7.24, 7.26, 7.30, 7.40
#7.24
#a) They have a positive linear relationship. As Calories increase, Carb also increase, on average.
#b) Calories is explanatory variable where as Carb is response variable
#c) We want to fit a regression line to examine whether we are doing better or worse compared to theoretical line. This comparison (residual) gives an idea whether there is a true relationship between indepedent and dependent variable. If residual for each oberserved value is too large we can say that explanatory variable cannot explain the dependent variable effectively and thus model is not a good approximation for predicting the outcome we want.
#d) Residuals are mostly centered around 0 and the slope of regression line seems to be fairly high enough. We can say data meets the conditions required for fitting a least squares line.
#7.26
#a)
mean_height = 171.14
mean_girth = 107.2
sd_height = 9.41
sd_girth = 10.37
corr_height_girth = 0.67
beta = (sd_height/sd_girth)*corr_height_girth
beta
## [1] 0.6079749
###y - mean_height = beta*(girth - mean_girth)
## y = beta*girth - (beta*mean_girth) + mean_height
-beta*mean_girth + mean_height
## [1] 105.9651
### The equation is like this. y_fit = constant + (beta*girth) so y_fit = 105.9651 + (0.6079749*x)
#b)
#The slope is 0.608 and it means 1 unit increase in girth increases height by 0.608, on average. The constant means that when observed value of girth is 0, height should be 105.97, on average.
#c)
corr_height_girth^2
## [1] 0.4489
#44.89% of variation in height can be explained by girth.
#d)
x = 100
y_fit = 105.9651 + (0.6079749 * x)
y_fit
## [1] 166.7626
#We can predict height of this student to be 166.76cm
#e)
y = 160
residual = y - y_fit
residual
## [1] -6.76259
# Residual is around -6.76 and it means the model is overestimating the height. There is a difference between model and actual observed value by -6.76.
#f)
x = 56
y_fit = 105.9651 + (0.6079749 * x)
y_fit
## [1] 140.0117
#From the plot on ex 7.15, it seems like the minimum girth of sample is around 85cm.

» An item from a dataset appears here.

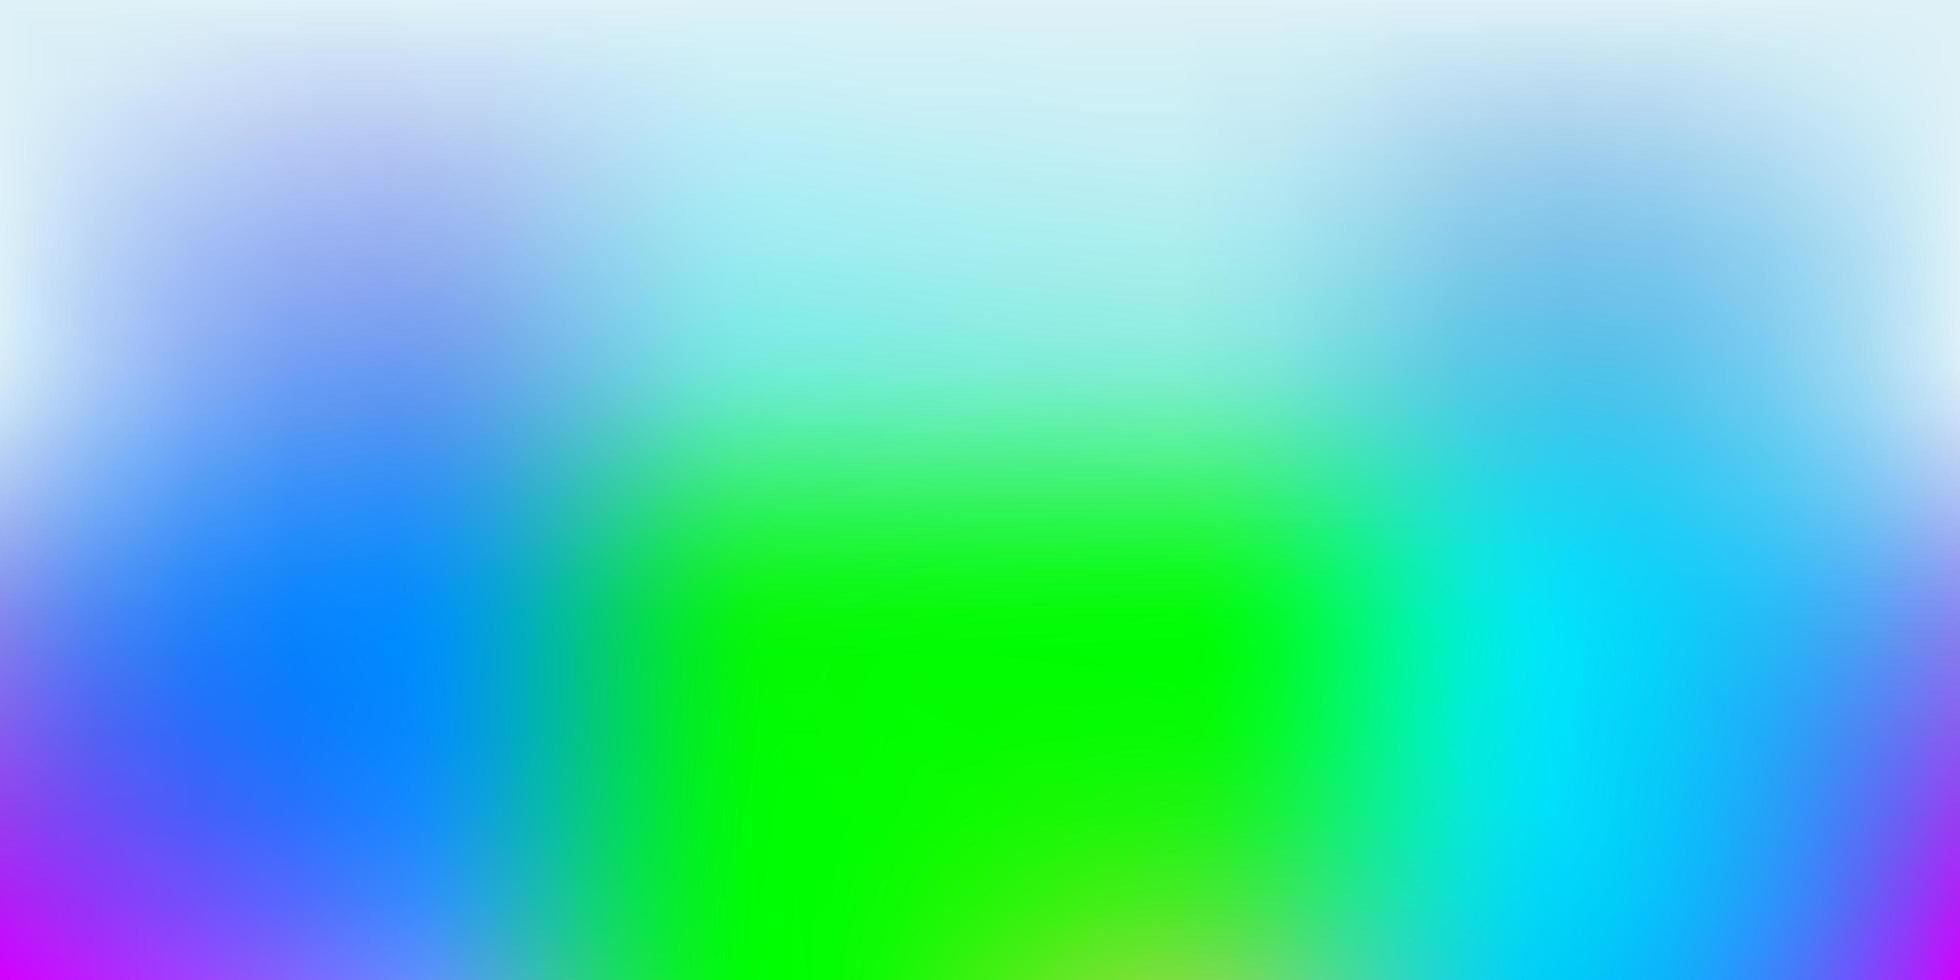 luz multicolor vetor turva pano de fundo.

Anything below 85cm should not be used thus sample of 56cm shoulder girth should not be used for this linear model.
#7.30
#a) heart_weight_fit = -0.357 + 4.034*body_weight
#b) If body weight is 0, heart weight will be -0.357 on average.
#c) 1 unit increase in body weight will increase heart weight by 4.034 on average.

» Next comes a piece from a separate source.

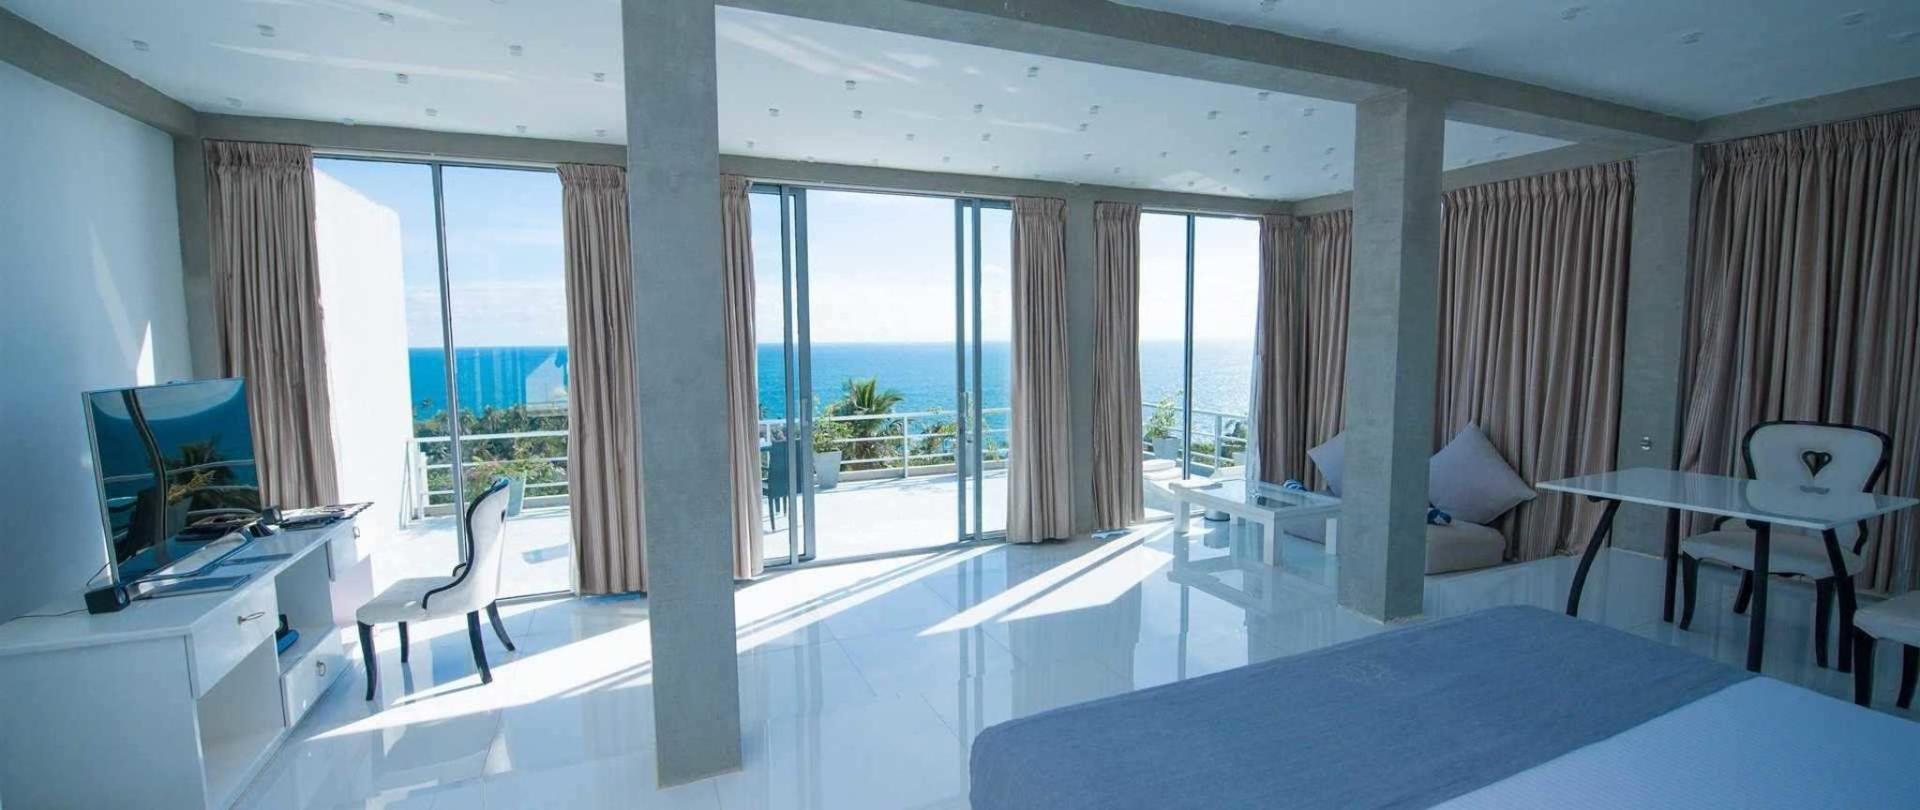 penthouse-4-jpg.jpeg

#d) 64.66% of variation in heart weight can be explained by body weight.
#e)
R_squared = 0.6466
corr_heart_body = sqrt(R_squared)
corr_heart_body
## [1] 0.8041144
#7.40
#a)
y_sample_mean = 3.9983
x_sample_mean = -0.0883
intercept = 4.010
beta = (y_sample_mean - intercept ) / x_sample_mean
beta
## [1] 0.1325028
#b)
#Given that beta is positive, we can say the relationship between teaching evaluation and beauty is positive.
#c)
#Given that residuals are centered around 0 and Normal QQ plot suggests points are mostly on the theoretical line, we can say the model is normally distributed. Not only that, we know that observations are independent.